_Assignment_.
Transcribe exactly, and only, the lines that fall between the line containing "Giovanni's Modified Spread" and the last line of the material, both ends included, omitting any pictures.

_Collected material_.

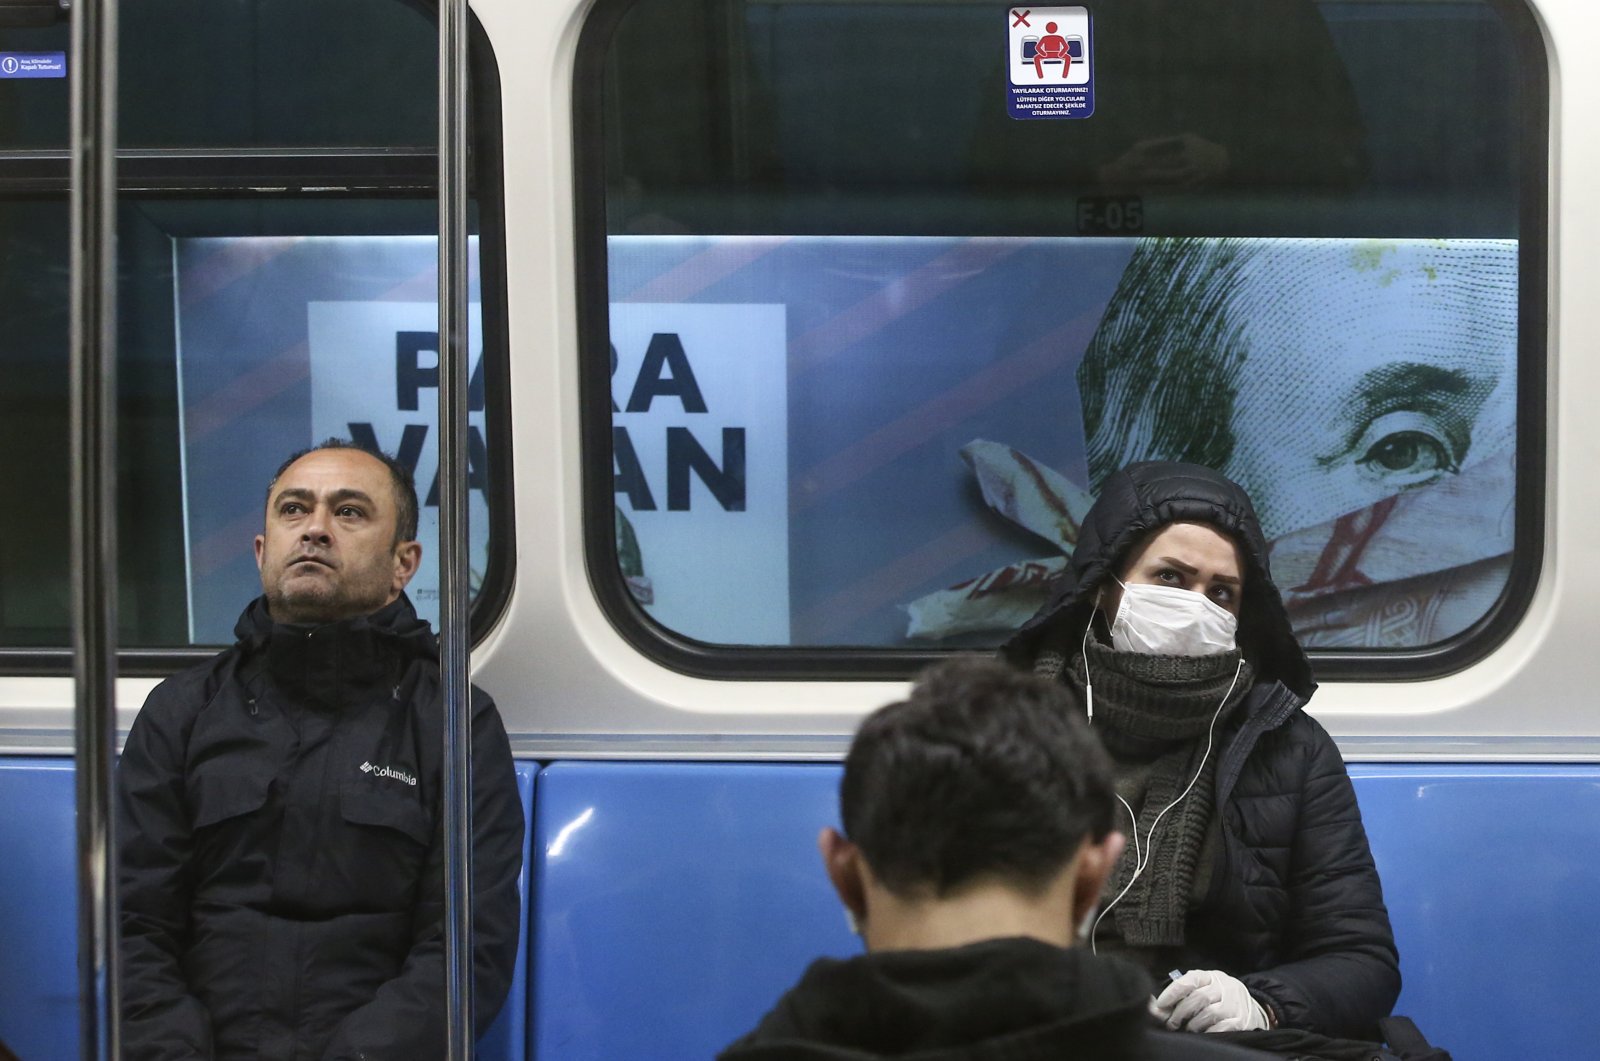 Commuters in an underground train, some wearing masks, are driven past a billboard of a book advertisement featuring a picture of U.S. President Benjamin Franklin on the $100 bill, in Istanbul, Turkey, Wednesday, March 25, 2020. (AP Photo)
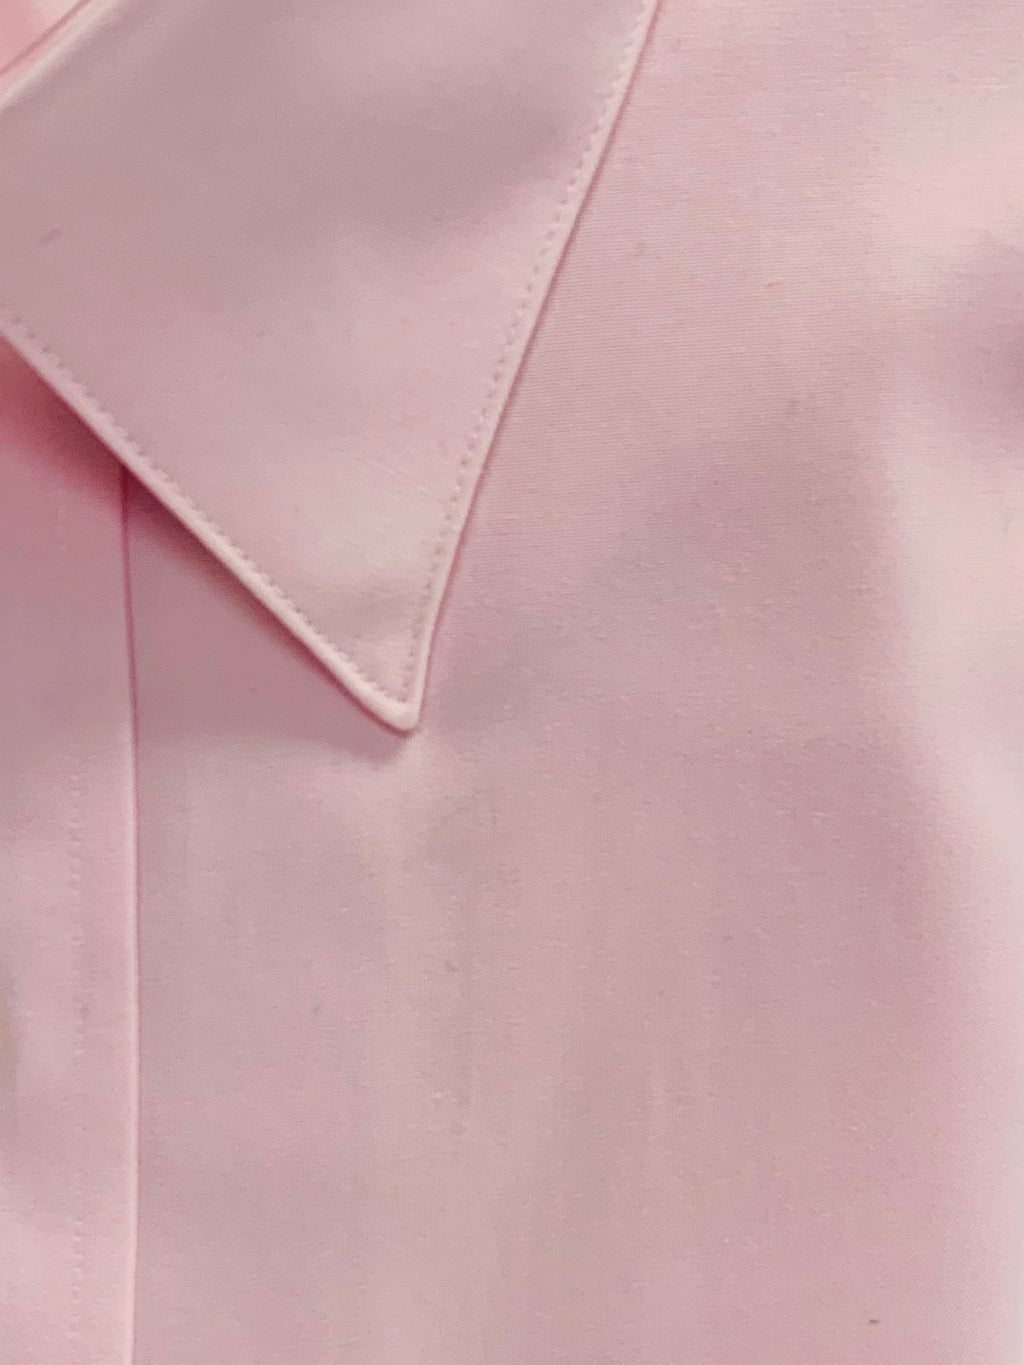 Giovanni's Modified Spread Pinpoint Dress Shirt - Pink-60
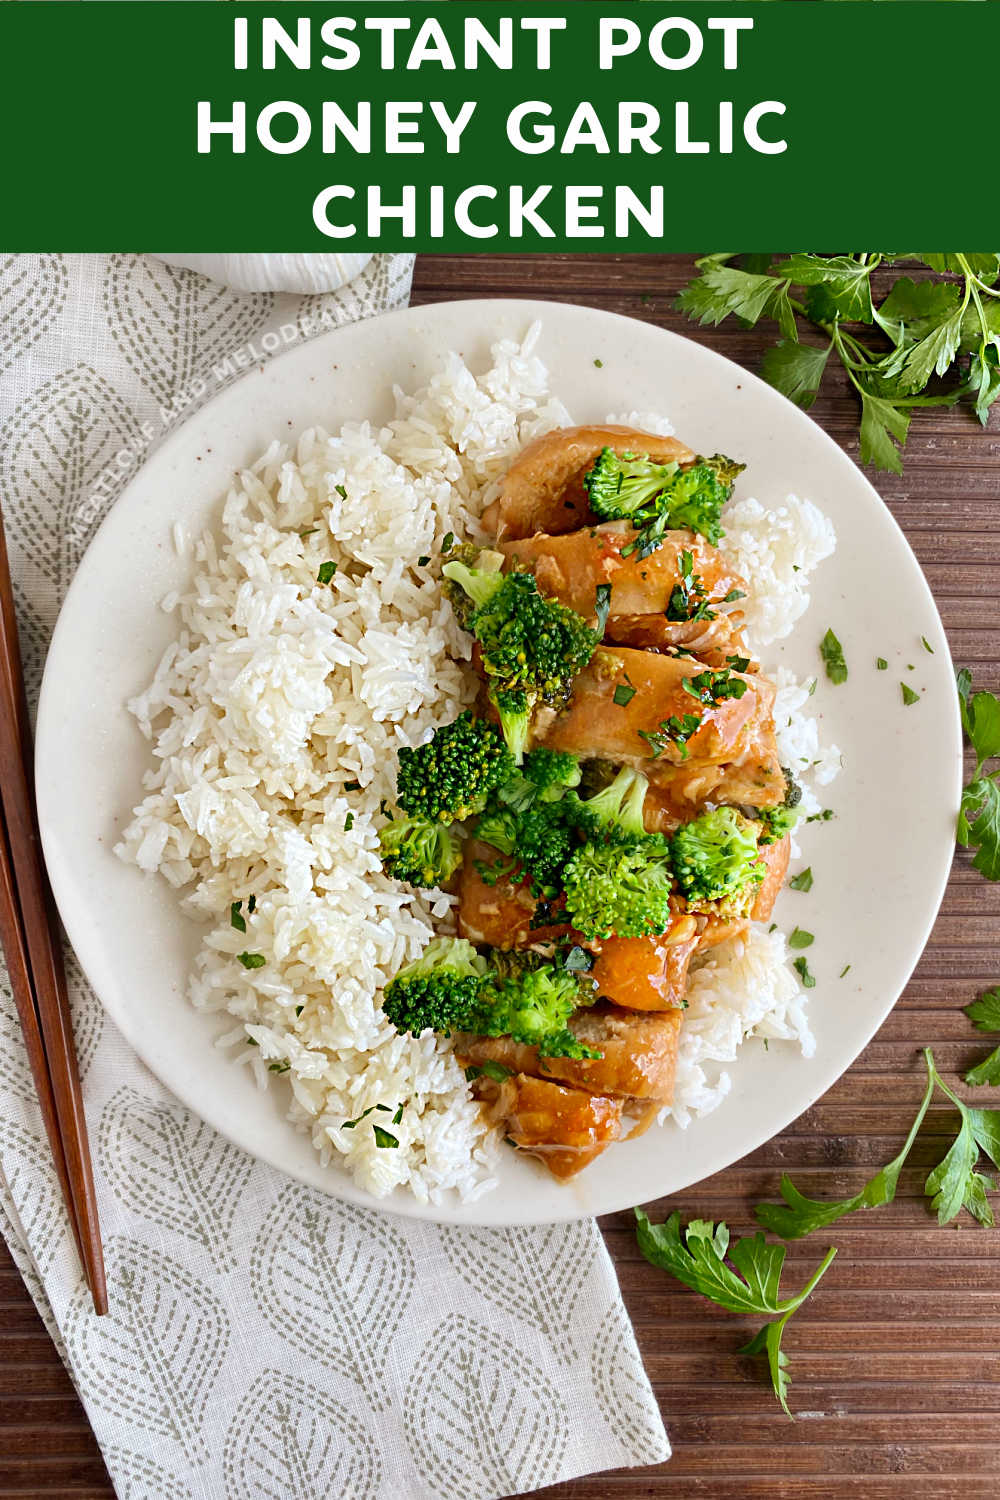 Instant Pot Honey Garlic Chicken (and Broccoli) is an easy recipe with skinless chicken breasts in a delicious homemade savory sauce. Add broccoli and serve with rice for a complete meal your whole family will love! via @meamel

_Result of this exercise_.
 Giovanni's Modified Spread Pinpoint Dress Shirt - Pink-60
 Instant Pot Honey Garlic Chicken (and Broccoli) is an easy recipe with skinless chicken breasts in a delicious homemade savory sauce. Add broccoli and serve with rice for a complete meal your whole family will love! via @meamel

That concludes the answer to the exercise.